5. If you weren’t introduced, tell them about yourself and your book. Speak clearly. Don’t rush through your words or your words will run together. Think about what you’re saying and make your voice fit the words. Don’t speak in a monotone. If you need to glance at your notes, do it. That’s why you brought them. But don’t stare at them. Your eyes should mostly be up, looking at people in the audience, even those on the back row. Looking at a person makes him feel you’re talking directly to him. It makes her a part of your talk, establishes a relationship and makes her invested in the shared experience.
6. When the talk is over, thank the audience and your hosts. If you’re also doing a reading, now’s the time. Keep it short. Tell the audience what page you’re reading from - if they already have the book in hand they often like to turn to that page to follow along. And look up at the audience - don’t bury your nose in the book. Use whatever tone is appropriate for the section that you’re reading - be it funny, tense, sad, whatever.

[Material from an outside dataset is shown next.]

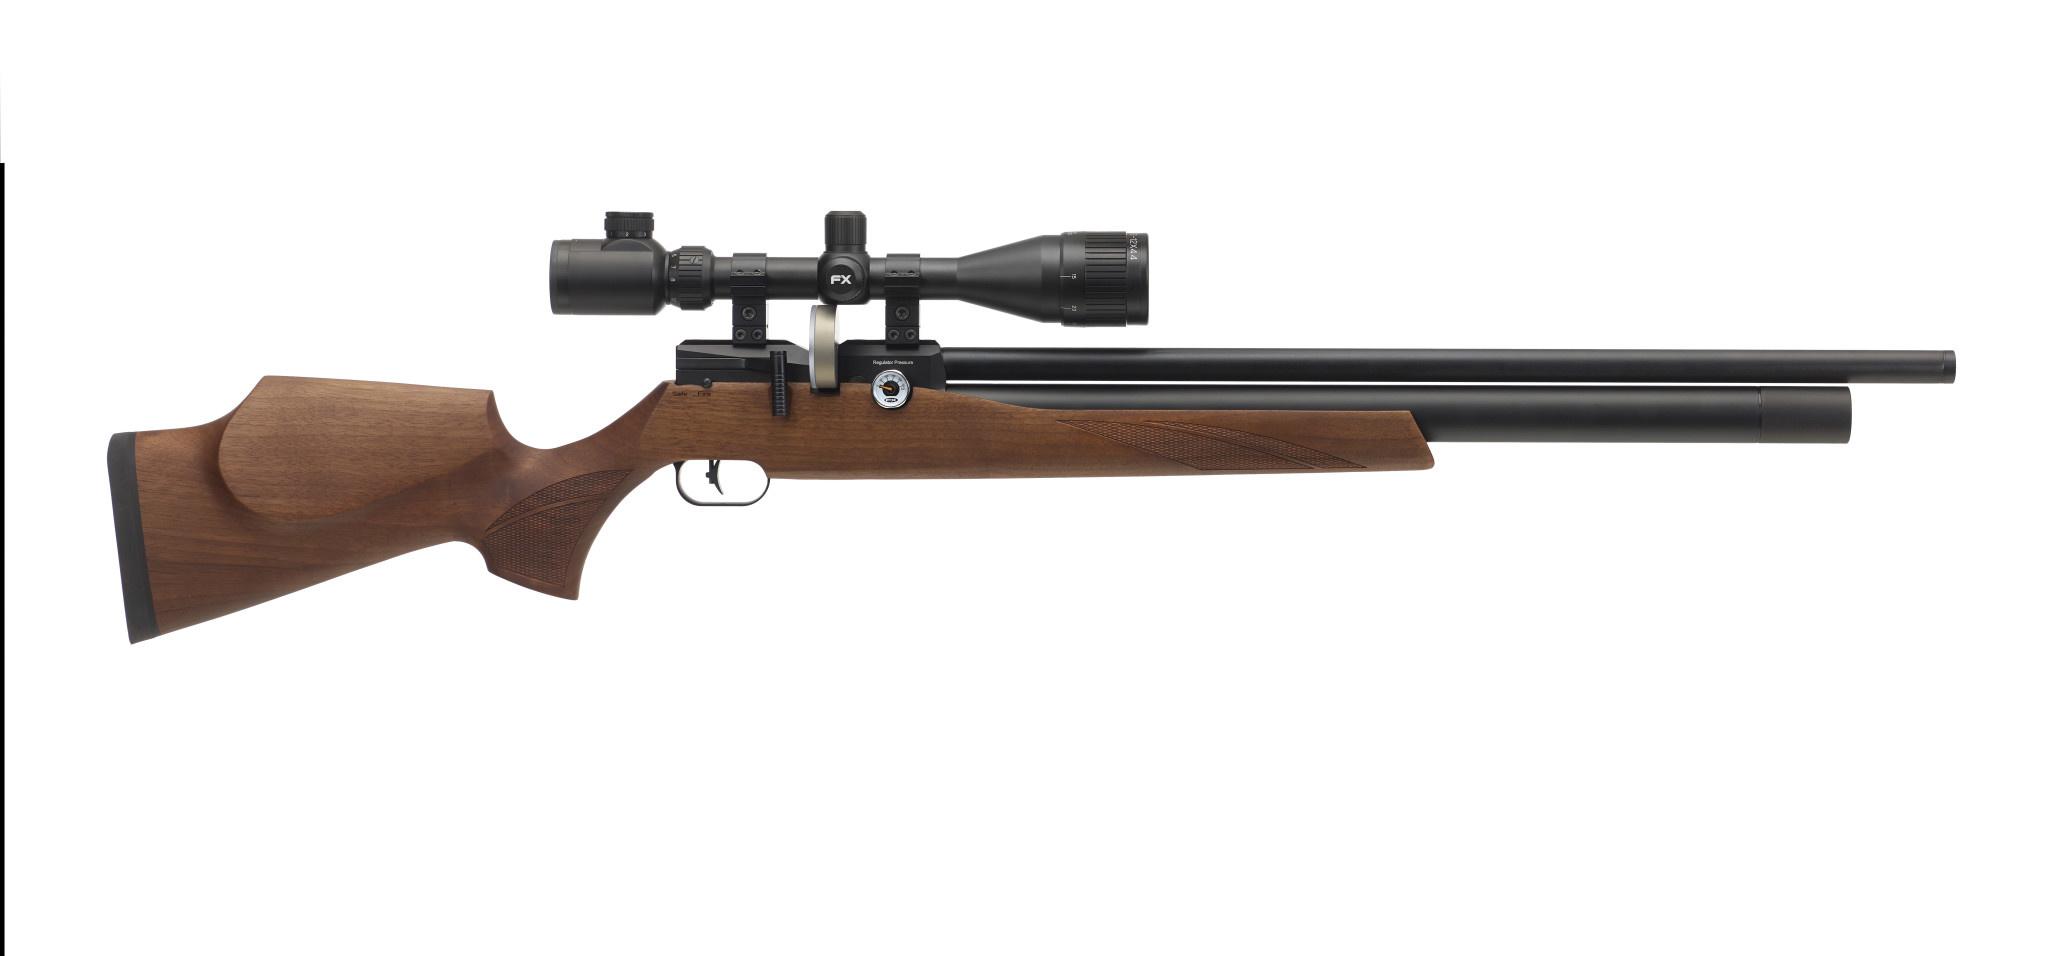 Fx Dreamline Classic 22 Cal Walnut Airgun Source Canada

There will be times when you read first, then talk. If the piece fits what you’ll be talking about and you want to read it first as an example, it’s okay to read first.
7. After the reading - or after the talk if you didn’t follow with a reading - open the floor for questions if there’s time. Relax. The hard part’s over. Now you can answer questions, then sign books. After the questions, let everyone know you’ll be signing books and urge them to sign your attendance sheet to be notified of your next book’s debut or to receive your newsletter, etc.
8. If you’re part of a panel, don’t hog the floor. Before the panel starts, set your book in front of you, slightly to the side, cover facing the audience.
When it’s over, you’ll most likely be surprised by how quickly the time went by. And looking forward to doing it again. Remember, a reader is more likely to buy your book if they have one-to-one contact with you. Much more likely than if they just see you sitting at a signing table. You want to become comfortable talking to people, doing readings and giving talks.